High Voltage Pulsed Current

In animal studies, high-voltage pulse current (HVPC) used on very acute edema was reported to retard the high capillary permeability outflow 8,9 but has not been replicated in human subjects. Clinically, it is a frequently used modality to reduce acute edema.

Elevation

Elevation of the hand above the heart, if not contraindicated, also reduces outflow because it reduces the arterial hydrostatic pressure.¹⁰ Elevation in the acute stage facilitates lymphatic flow because hydrostatic gradient pressure is increased along the lymphatic trunks.⁴ Ideally, the involved extremity is elevated in a plus 45-degree “ski hill” position; this means that pillows are placed so that the elbow is above the shoulder, and the hand is above the elbow and wrist.

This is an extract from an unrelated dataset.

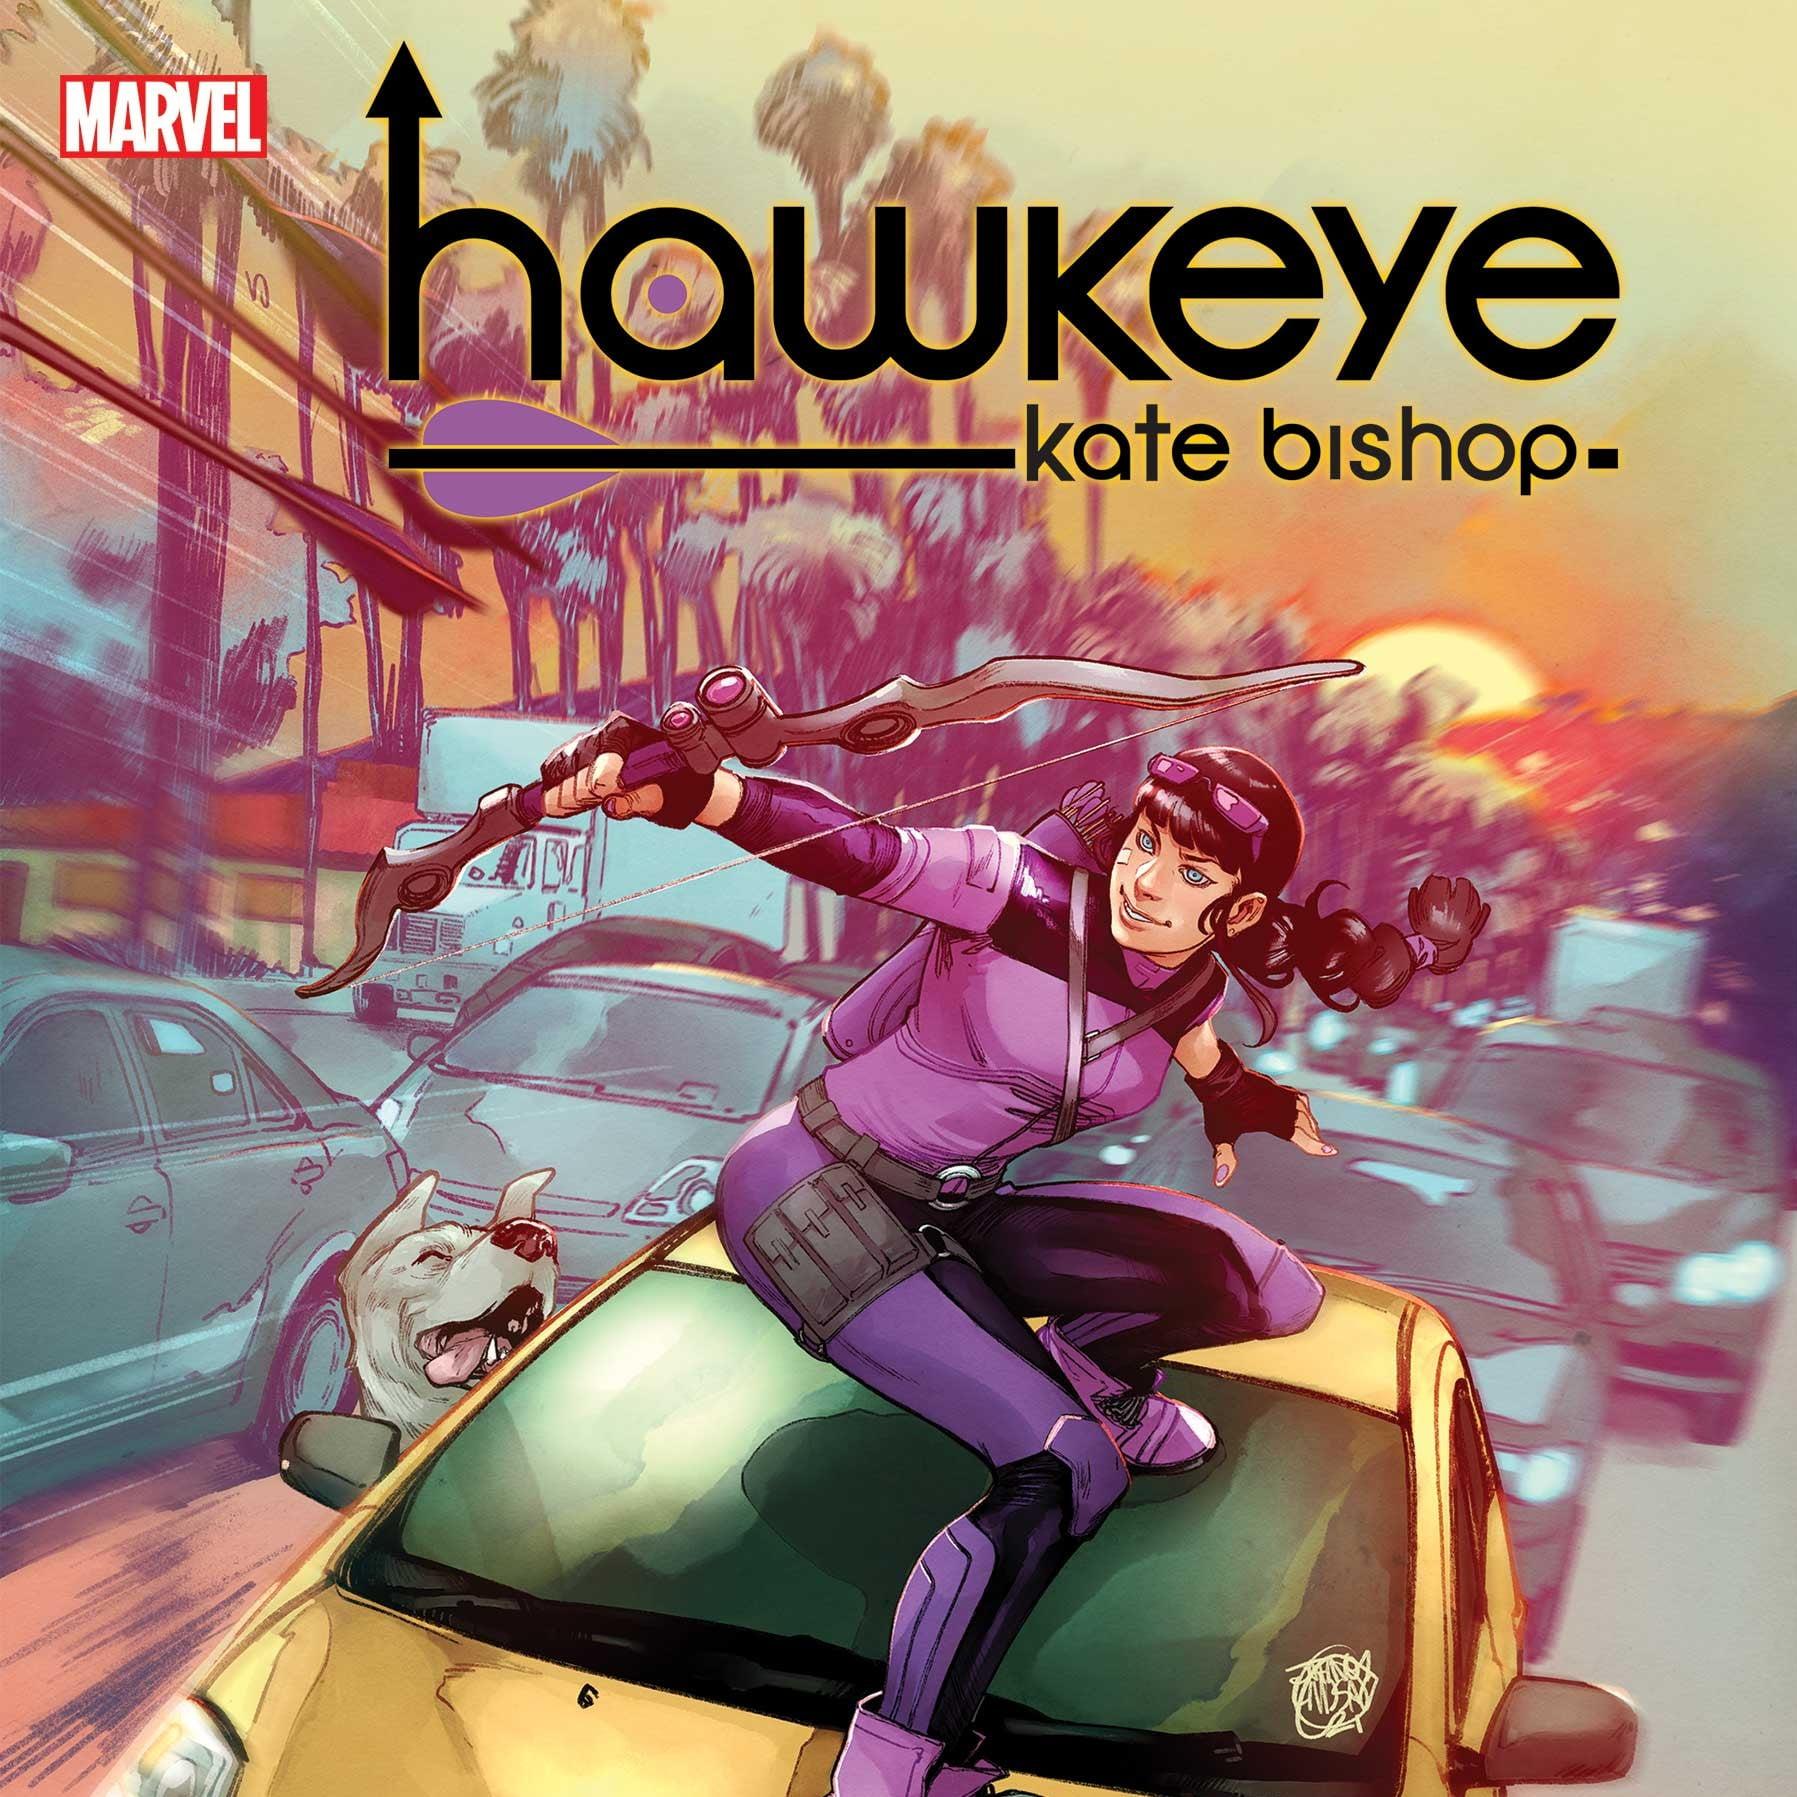 Hawkeye via Jahnoy Lindsay for Marvel Comics for use by 360 Magazine

Keeping the arm elevated while sleeping can be difficult. Often clients use pillows on either side of them. A belt can be fastened around the pillows to keep them together. Also, the bed can be moved against the wall so that one set of pillows is pushed up against the wall, preventing them from falling. For clients with finger replantation, elevation no higher than the heart is recommended to avoid compromising arterial blood flow.¹¹

Precaution. Extreme elevation of the right arm must be avoided in stroke clients with right-sided heart weakness. Extreme upper extremity elevation may cause fluid to flow too quickly into the right side of the heart, because the right upper quadrant is drained by the right lymphatic duct that empties into the right subclavian vein.

Elastic Taping

Elastic taping is becoming the common generic term used to designate a variety of tapes similar to the original Kinesio Tex tape developed by a Japanese-born chiropractor, Dr. Kenso Kase, in the 1970s.¹⁴ The cloth-like tape has acrylic glue applied to one side in a wave-like pattern, such as a finger print swirl. When the tape is applied in a specific manner it is theorized that the edema reduces because patient movement pulls the skin in the opposite direction from where the tape was applied. This movement puts a stretch on the initial lymphatic structures facilitating congested lymphatic absorption.¹⁵ Increasing this space, creates a pull on the connective tissue anchor filaments attached to the endothelial cells of the initial lymphatics; this separates the planted endothelial junctions, thereby increasing lymph and fluid flow.

Indications for Manual Edema Mobilization in the Acute Stage

Many wonder why MEM is not started in the acute stage. In 1989, Hutzschenreuter and Brummer ¹⁶ did a research study on this point using sheep. They compared the results in two groups, one in which MLD was performed and one in which it was not over a defined period (that is, immediate postoperative to 3 weeks postoperative). They found that both groups showed minimal fluid reduction during the first week after surgery. However, after the first week, the MLD group had a significantly greater increase in fluid movement and edema reduction than the control group.¹⁶ These results are not surprising because initially, acute edema is transudate that is changing to exudate edema as the plasma proteins invade and are contained. Only the lymphatic vessels can remove excess proteins from the interstitium.^1,2 MEM and manual lymphatic treatment^∗ (MLT) programs are designed to activate lymphatic vessels.